Supplied entries
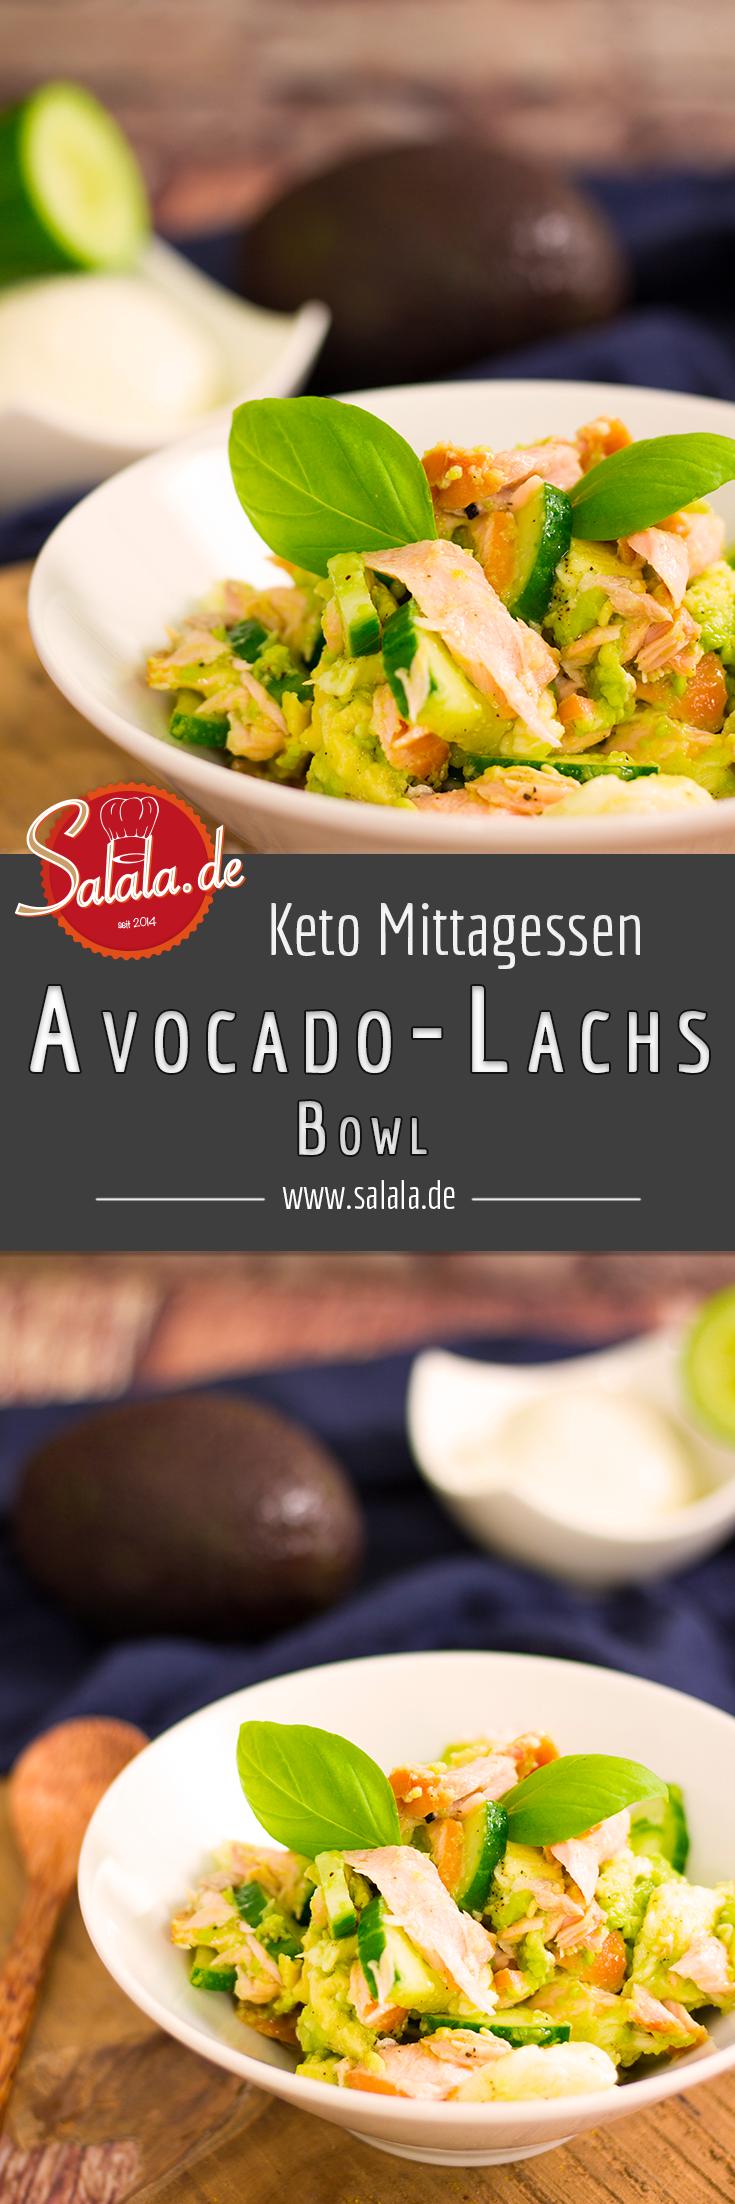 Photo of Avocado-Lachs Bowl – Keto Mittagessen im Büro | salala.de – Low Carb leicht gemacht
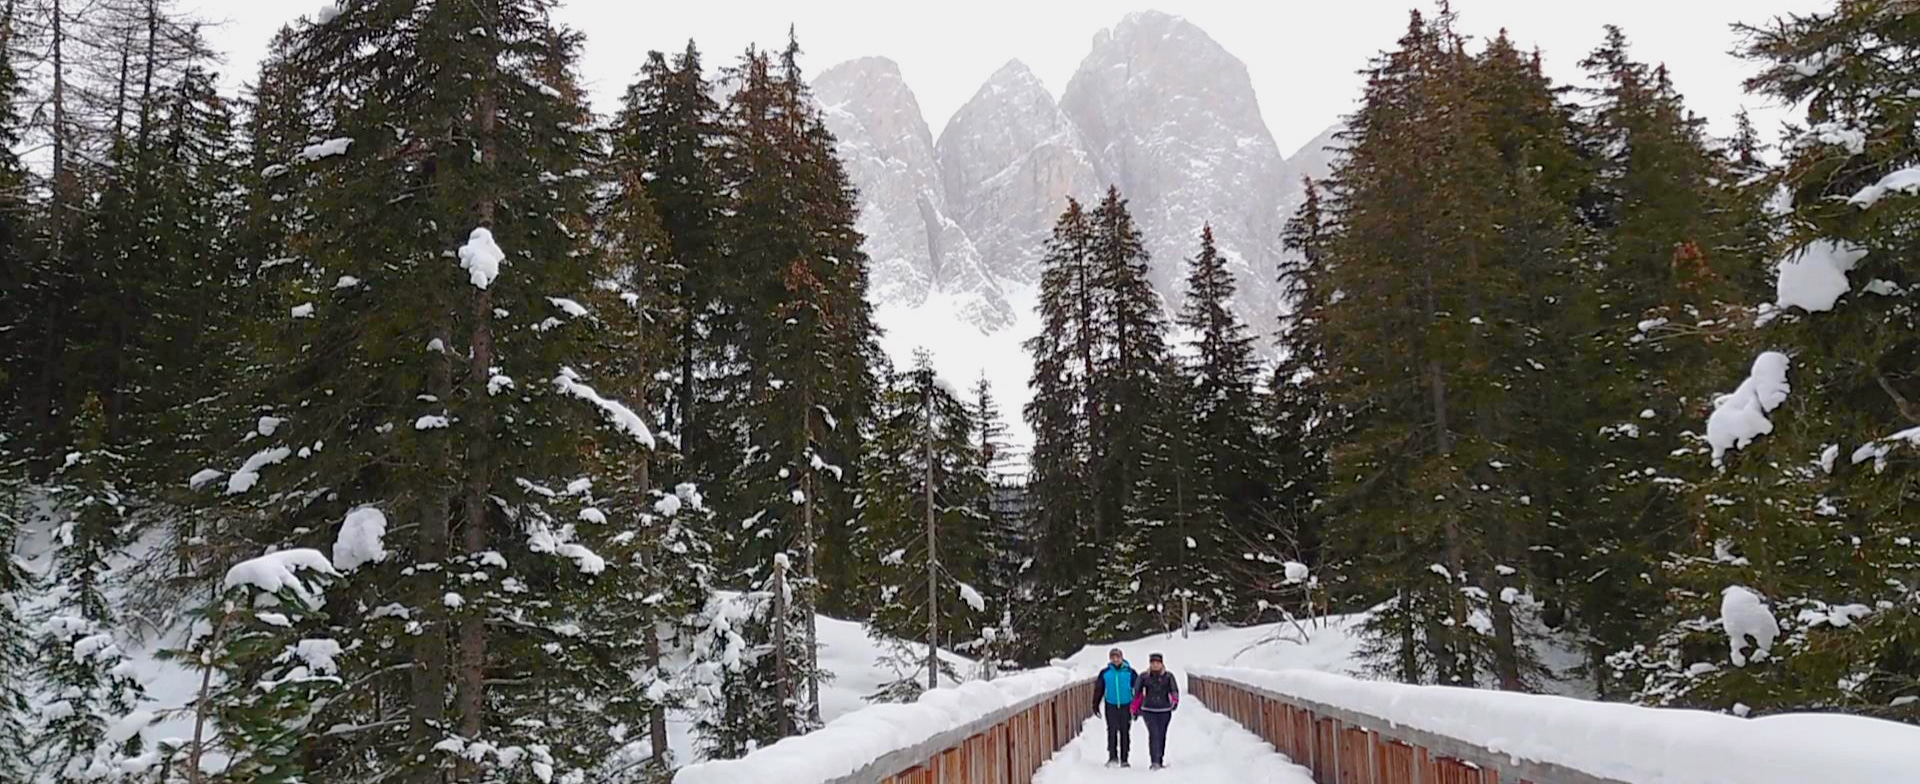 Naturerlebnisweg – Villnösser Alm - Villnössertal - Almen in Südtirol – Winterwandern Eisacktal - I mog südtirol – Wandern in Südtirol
==
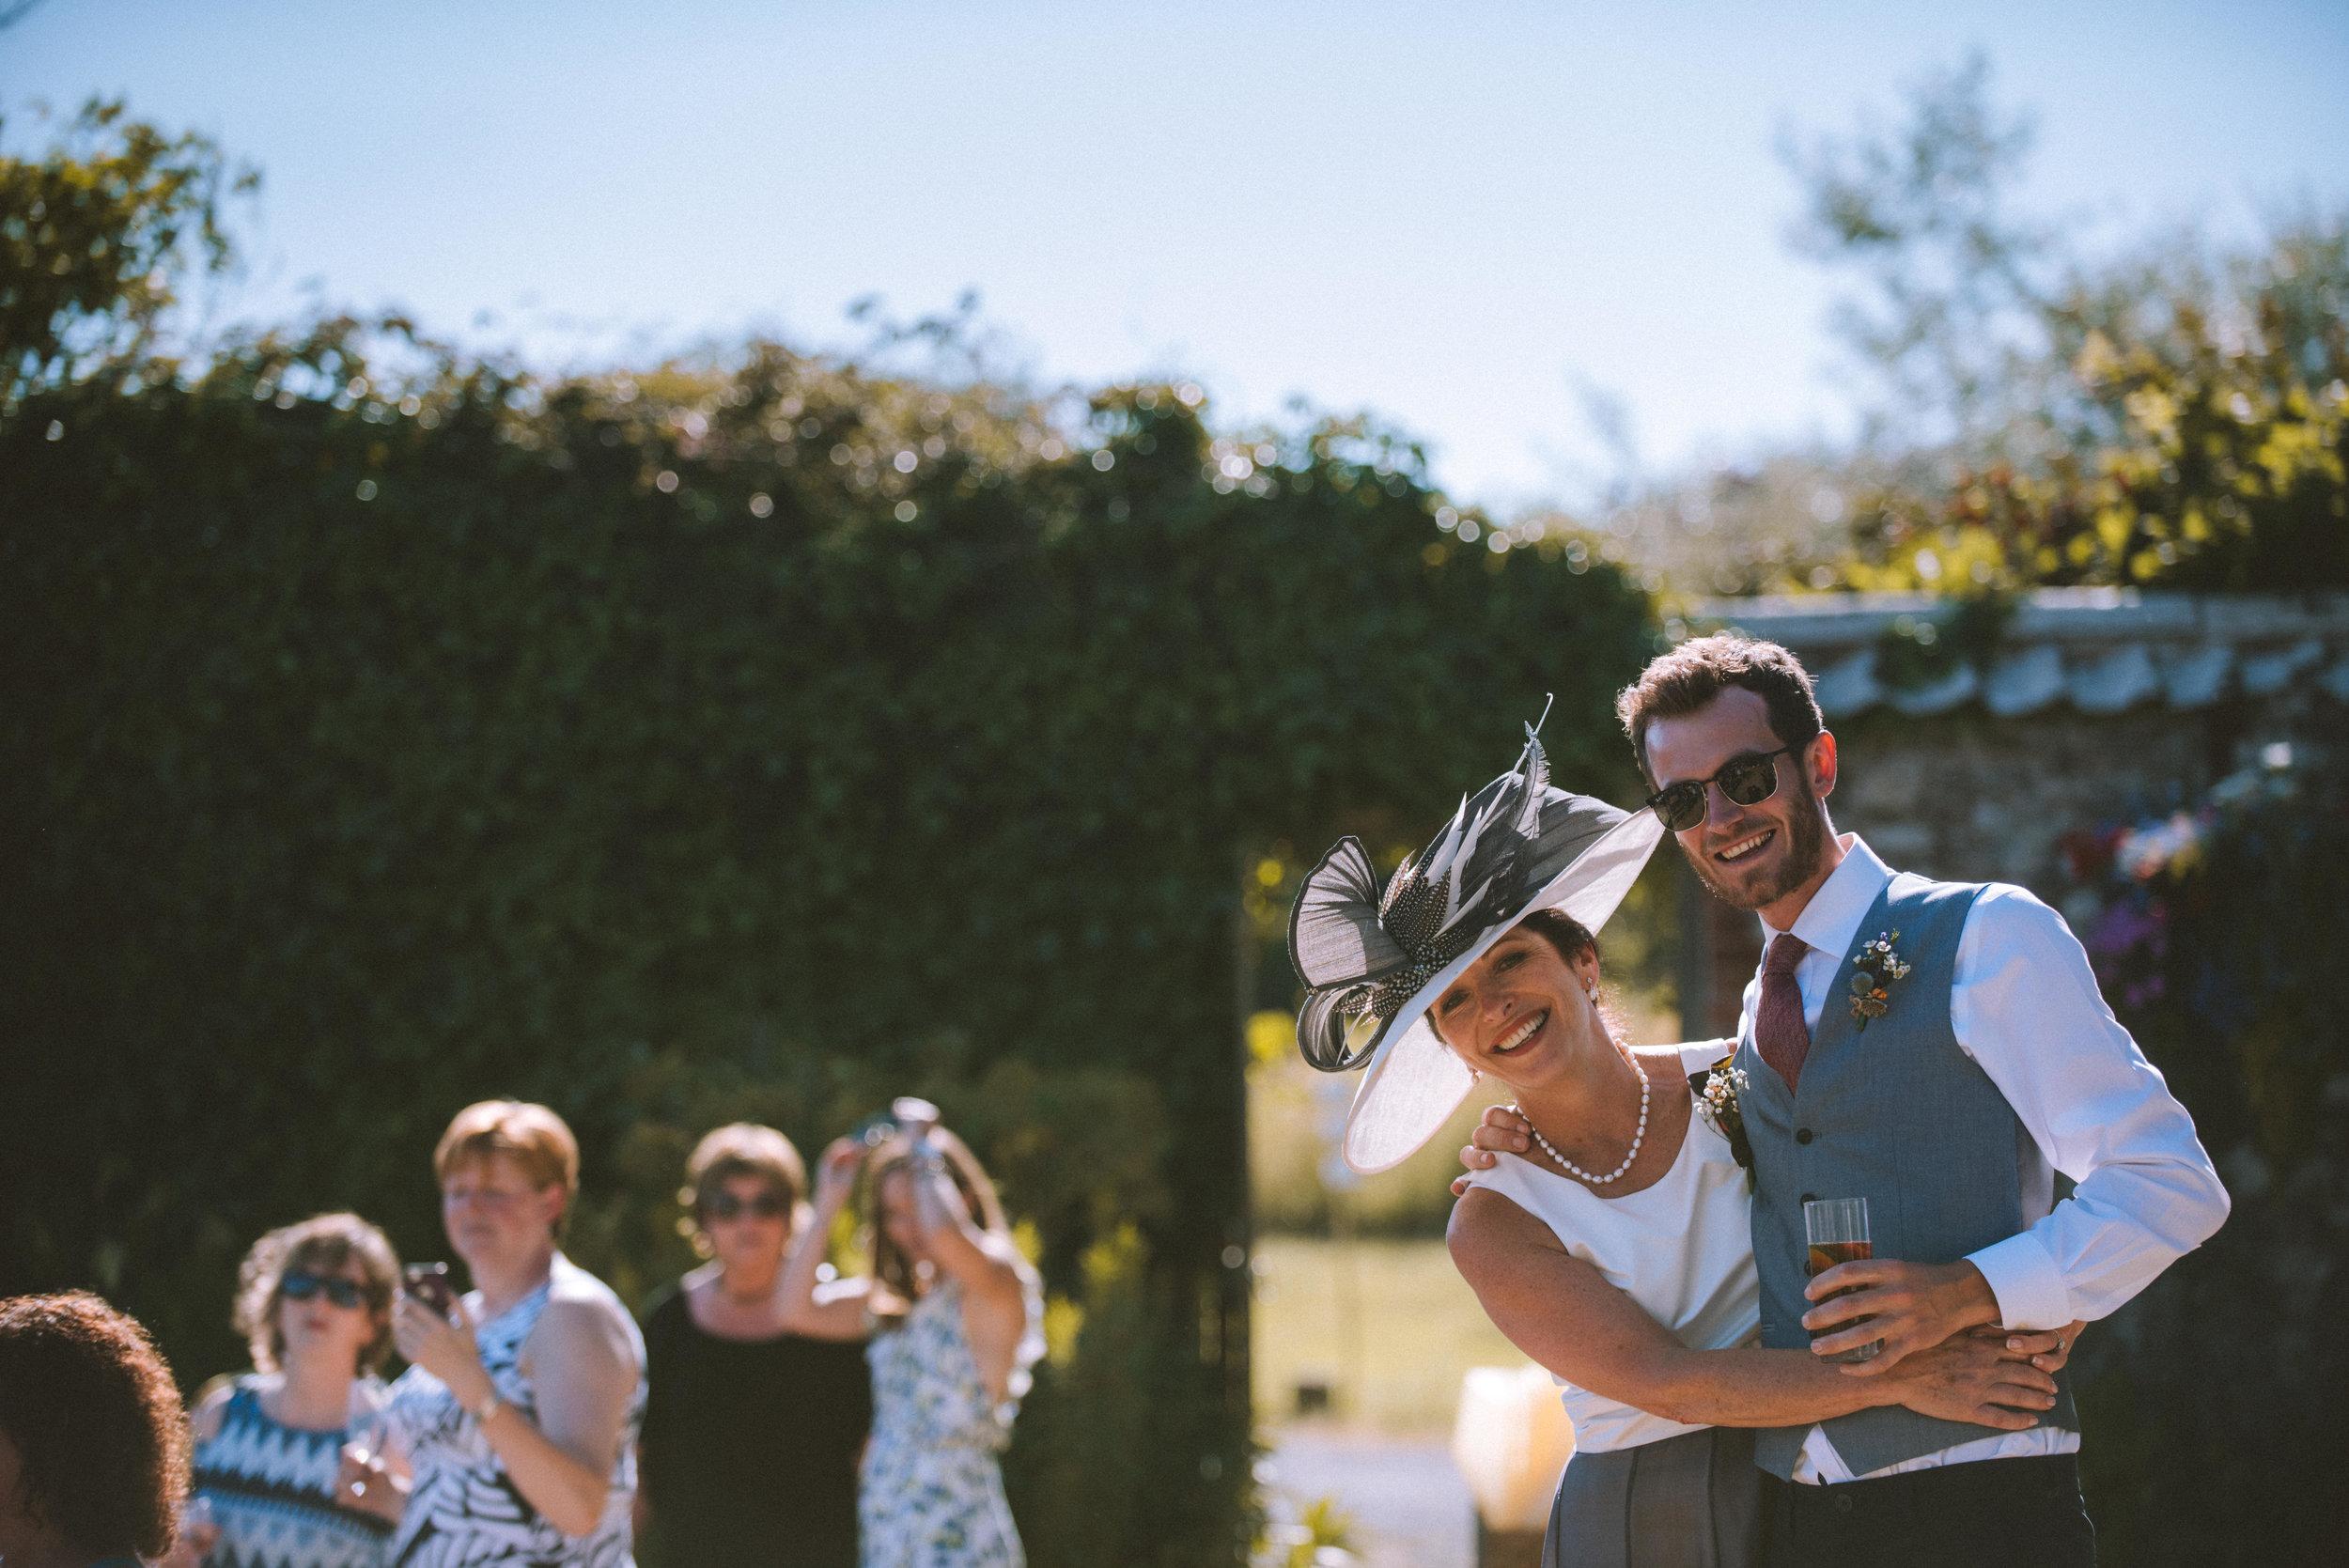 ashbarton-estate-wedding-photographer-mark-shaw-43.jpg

Your objective
Above are records; write out the lines from the one with "Photo of Avocado-Lachs" down to the one with "Naturerlebnisweg – Villnösser", exactly, leaving the pictures out.

Solution for this task
 Photo of Avocado-Lachs Bowl – Keto Mittagessen im Büro | salala.de – Low Carb leicht gemacht
 Naturerlebnisweg – Villnösser Alm - Villnössertal - Almen in Südtirol – Winterwandern Eisacktal - I mog südtirol – Wandern in Südtirol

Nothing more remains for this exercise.